Par Dominic Lapointe, Jacinthe Ouellet et Katia Nelson

Après deux ans de pandémie, nous constatons une usure mentale chez une grande partie de notre clientèle. Les spécialistes parlent de fatigue pandémique ou de surmenage adaptatif. 

Dans le contexte actuel où l’incertitude demeure omniprésente, il peut s’avérer épuisant de vivre des émotions souvent changeantes, voire ambivalentes. Même les personnes naturellement agiles et adorant le changement sont affectées. L’adaptation aux mesures sanitaires, la distanciation sociale, l’acclimatement aux différents besoins de nos proches et aux frictions engendrées par le contexte, sans oublier la nouvelle réalité du travail (enjeux opérationnels) et du télétravail; tout a contribué à favoriser cette usure mentale. Le travail et l’école ont envahi la sphère privée, engendrant des enjeux de frontières et de limites.

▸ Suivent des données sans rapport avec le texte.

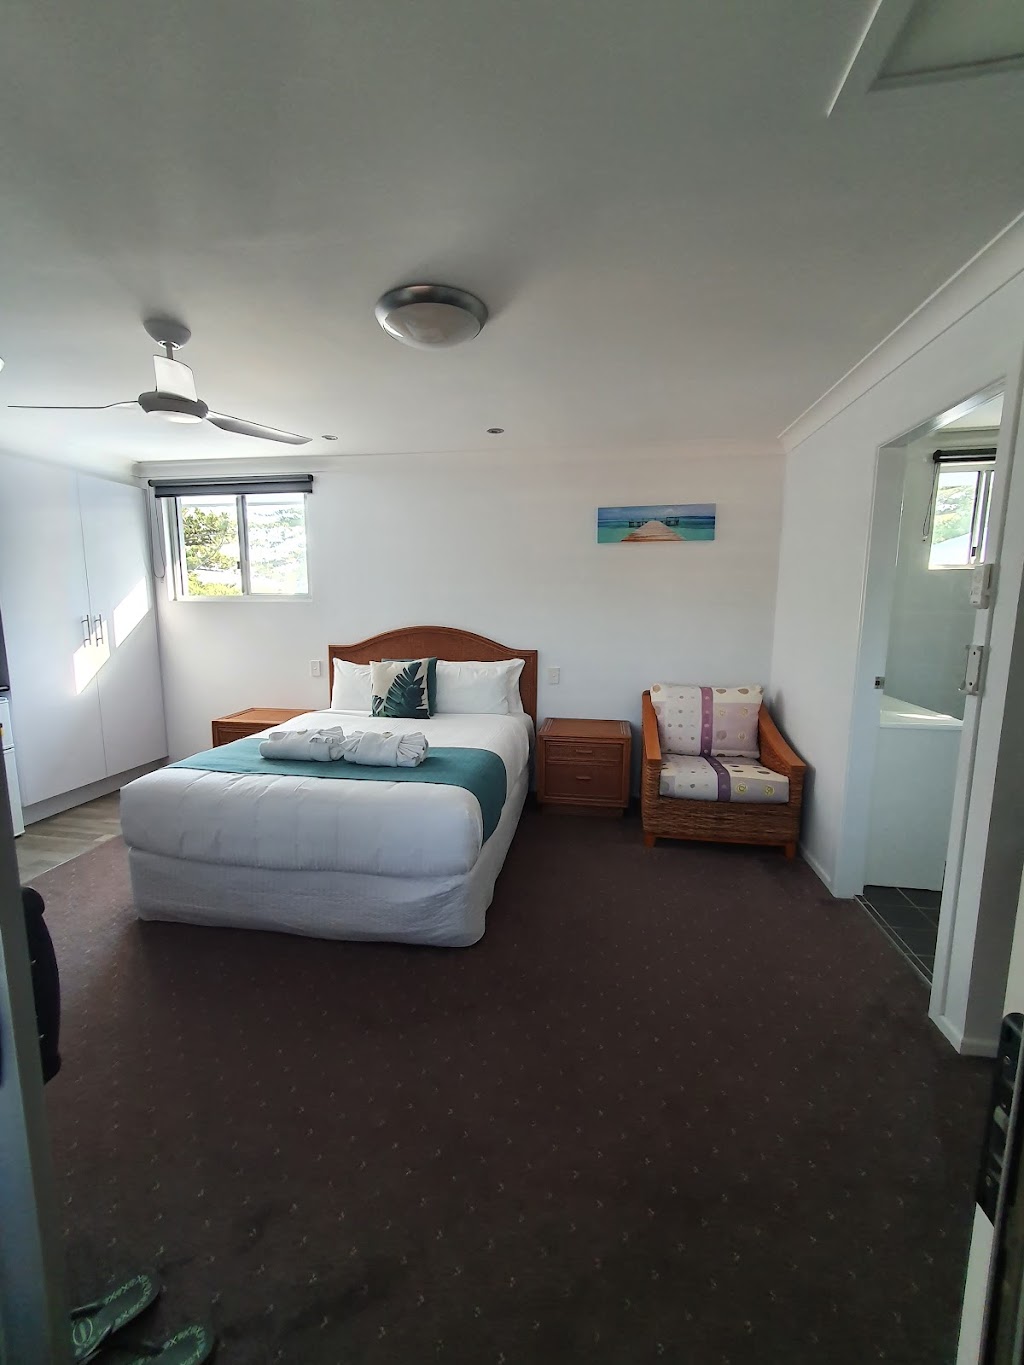 Adrift Apartments Yamba | lodging | 38 Wooli St, Yamba NSW 2464, Australia | 0499847700 OR +61 499 847 700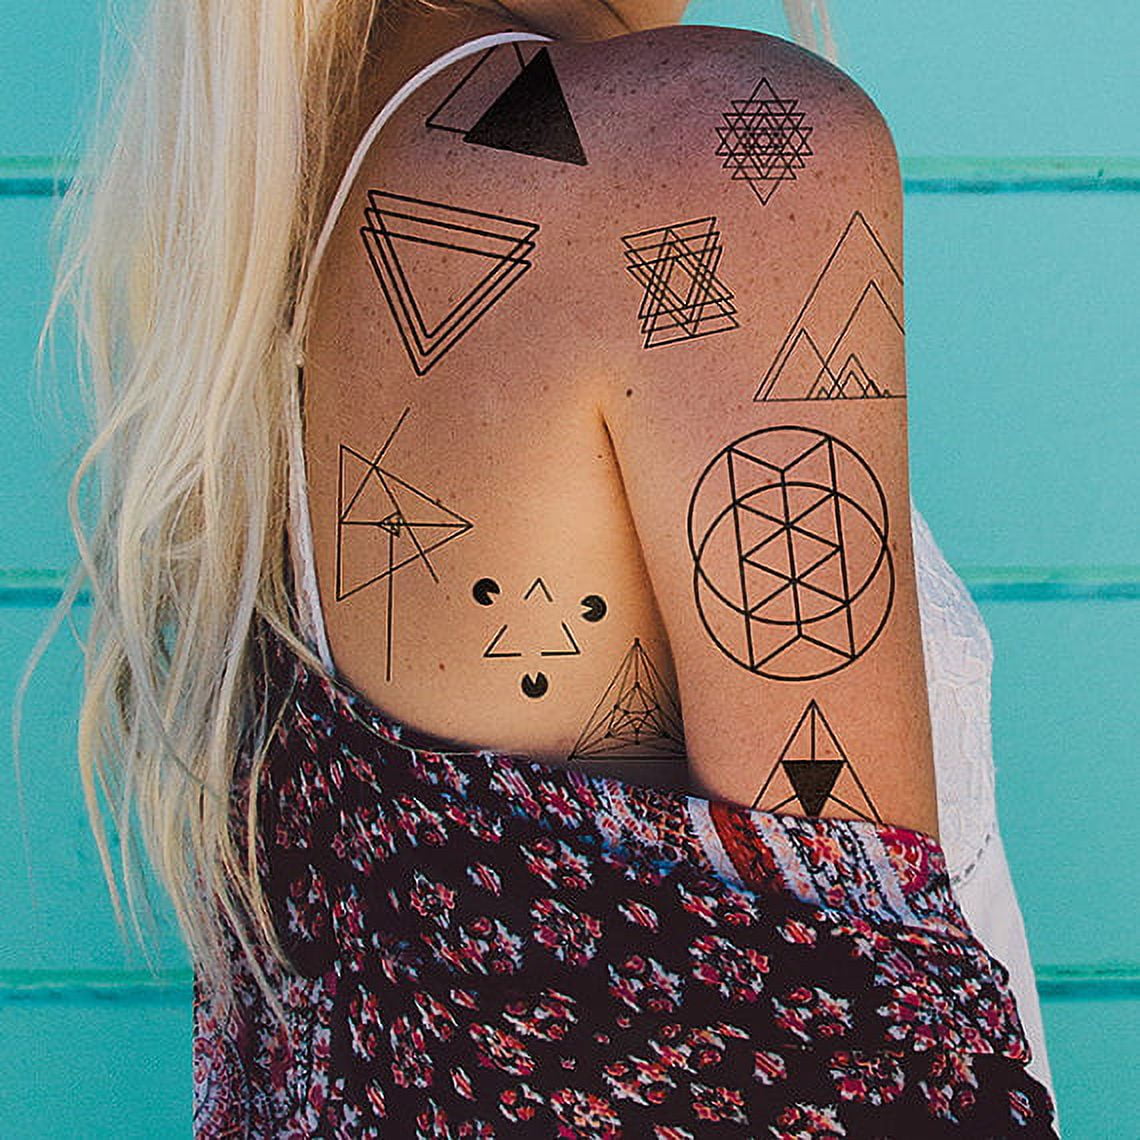 8 Small Tattoos That Mean Big Things • Tattoodo

Bien que certaines personnes se soient bien adaptées au nouveau contexte du travail, plusieurs ne semblent pas encore avoir trouvé l’équilibre pour récupérer ou y faire face. La plupart de nos clients et clientes ont adopté un rythme et une cadence très élevés, leur donnant une impression d’hyperproductivité. Toutefois, on ne se donne plus le droit à des moments de répit, comme le permettaient à l’époque les déplacements physiques et géographiques entre les lieux de travail ou de rencontre et les échanges impromptus entre collègues autour de la machine à café. Ainsi, leur corps demeure crispé en permanence et le lobe frontal de leur cerveau demeure en alerte de manière continue. Notre clientèle nous confie qu’elle se sent facilement coupable, n’osant pas s’accorder des permissions comme le droit à la déconnexion.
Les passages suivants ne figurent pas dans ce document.